→ Your task
Look through the data below for the line with "Boîte cadeau cube" and the line with "Olaplex no 3 + k18 mask 15 ml", then output those two and all lines in between, exactly as written.

Listed entries below:

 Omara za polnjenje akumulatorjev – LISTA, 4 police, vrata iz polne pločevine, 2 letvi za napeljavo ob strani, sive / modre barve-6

End of Listed entries.
Listed entries below:

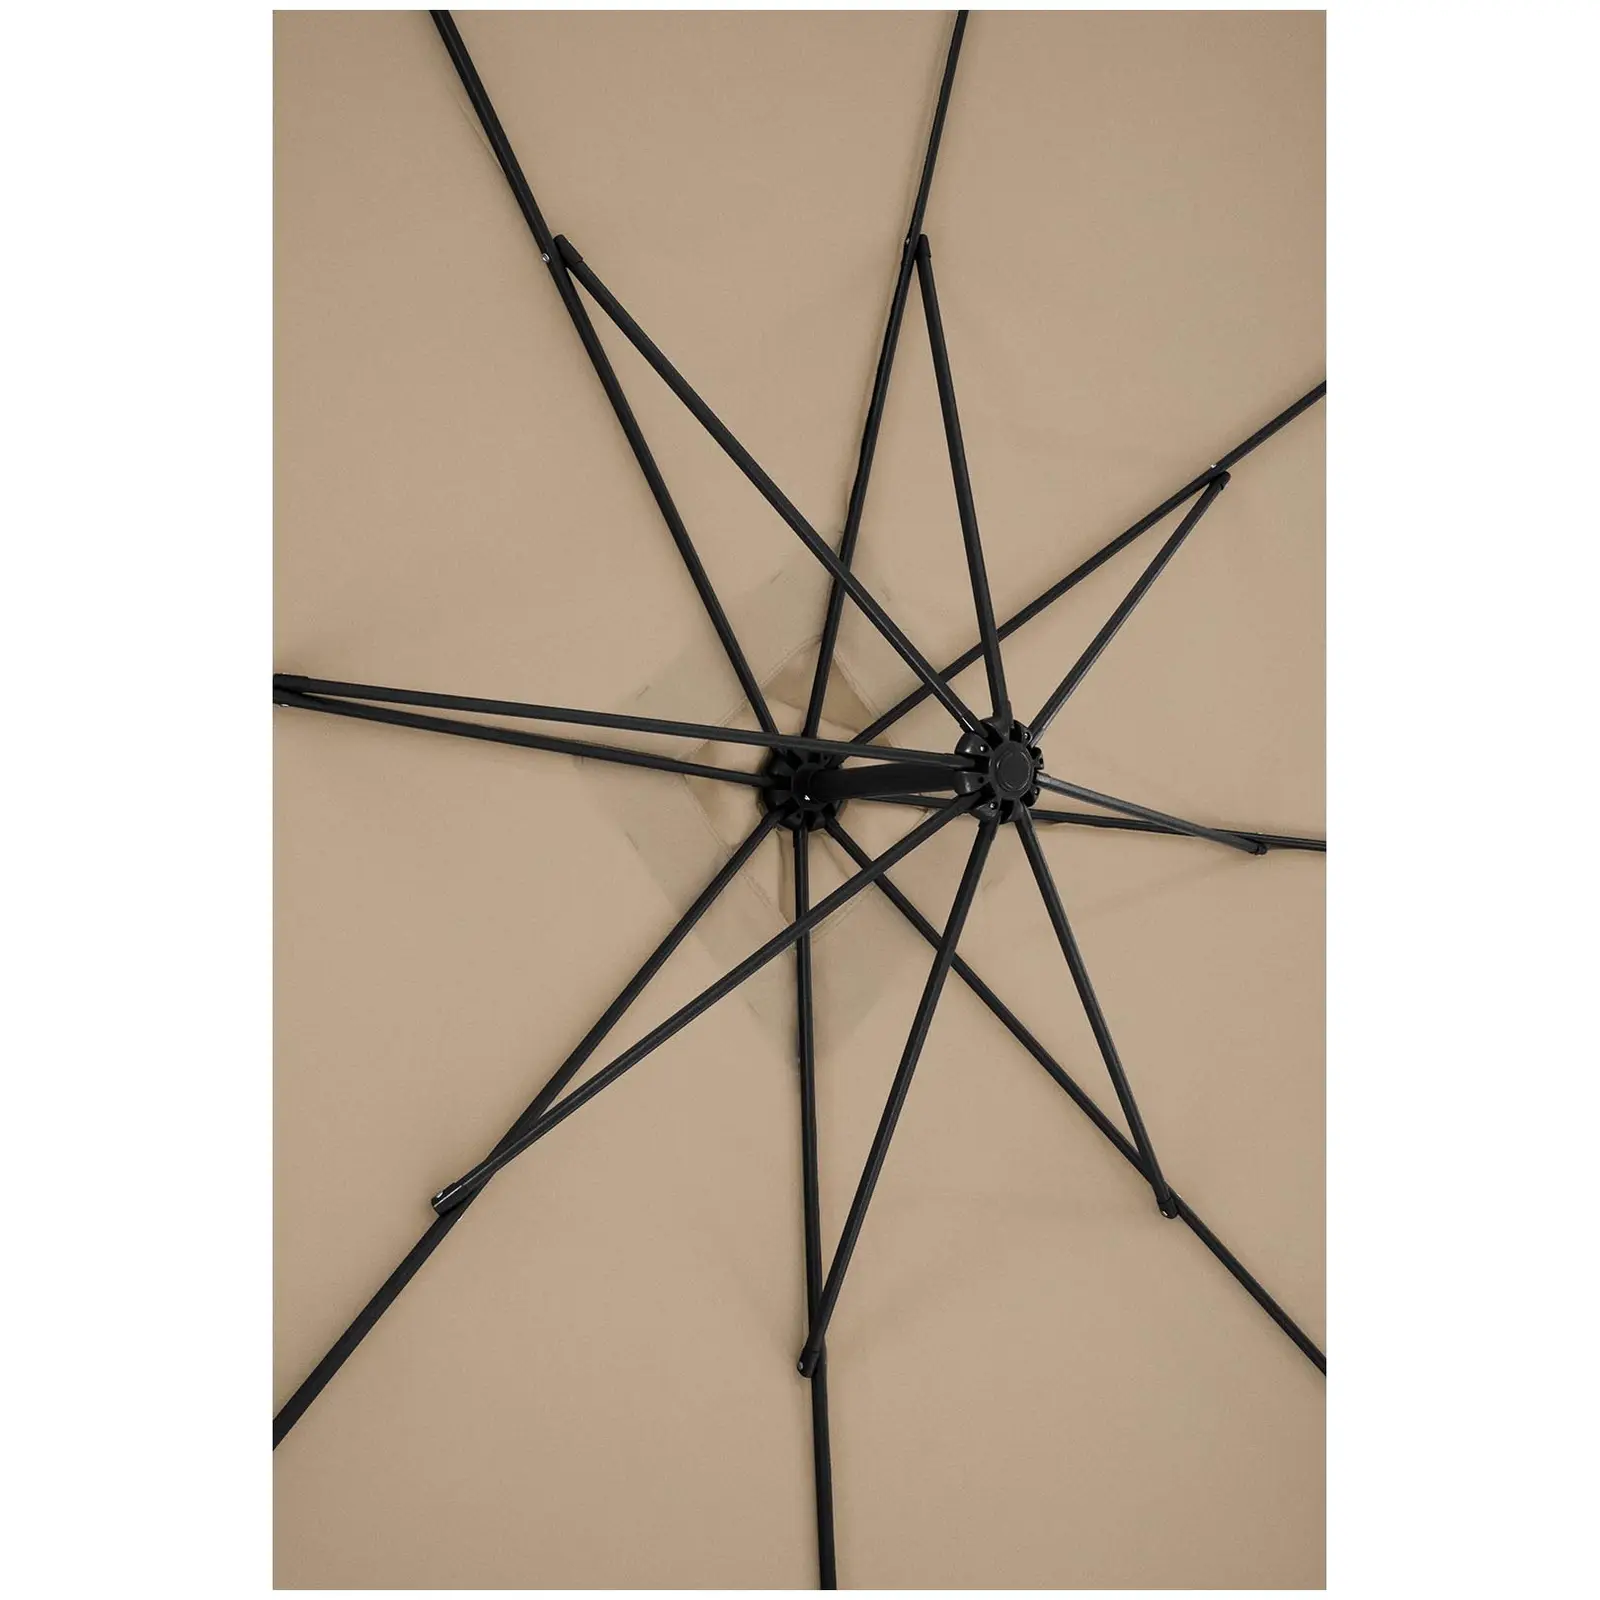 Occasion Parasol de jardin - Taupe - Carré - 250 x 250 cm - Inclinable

End of Listed entries.
Listed entries below:

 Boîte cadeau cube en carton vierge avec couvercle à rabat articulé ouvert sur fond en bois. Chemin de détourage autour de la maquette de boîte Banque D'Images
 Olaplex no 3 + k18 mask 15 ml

End of Listed entries.

→ Written answer
 Boîte cadeau cube en carton vierge avec couvercle à rabat articulé ouvert sur fond en bois. Chemin de détourage autour de la maquette de boîte Banque D'Images
 Olaplex no 3 + k18 mask 15 ml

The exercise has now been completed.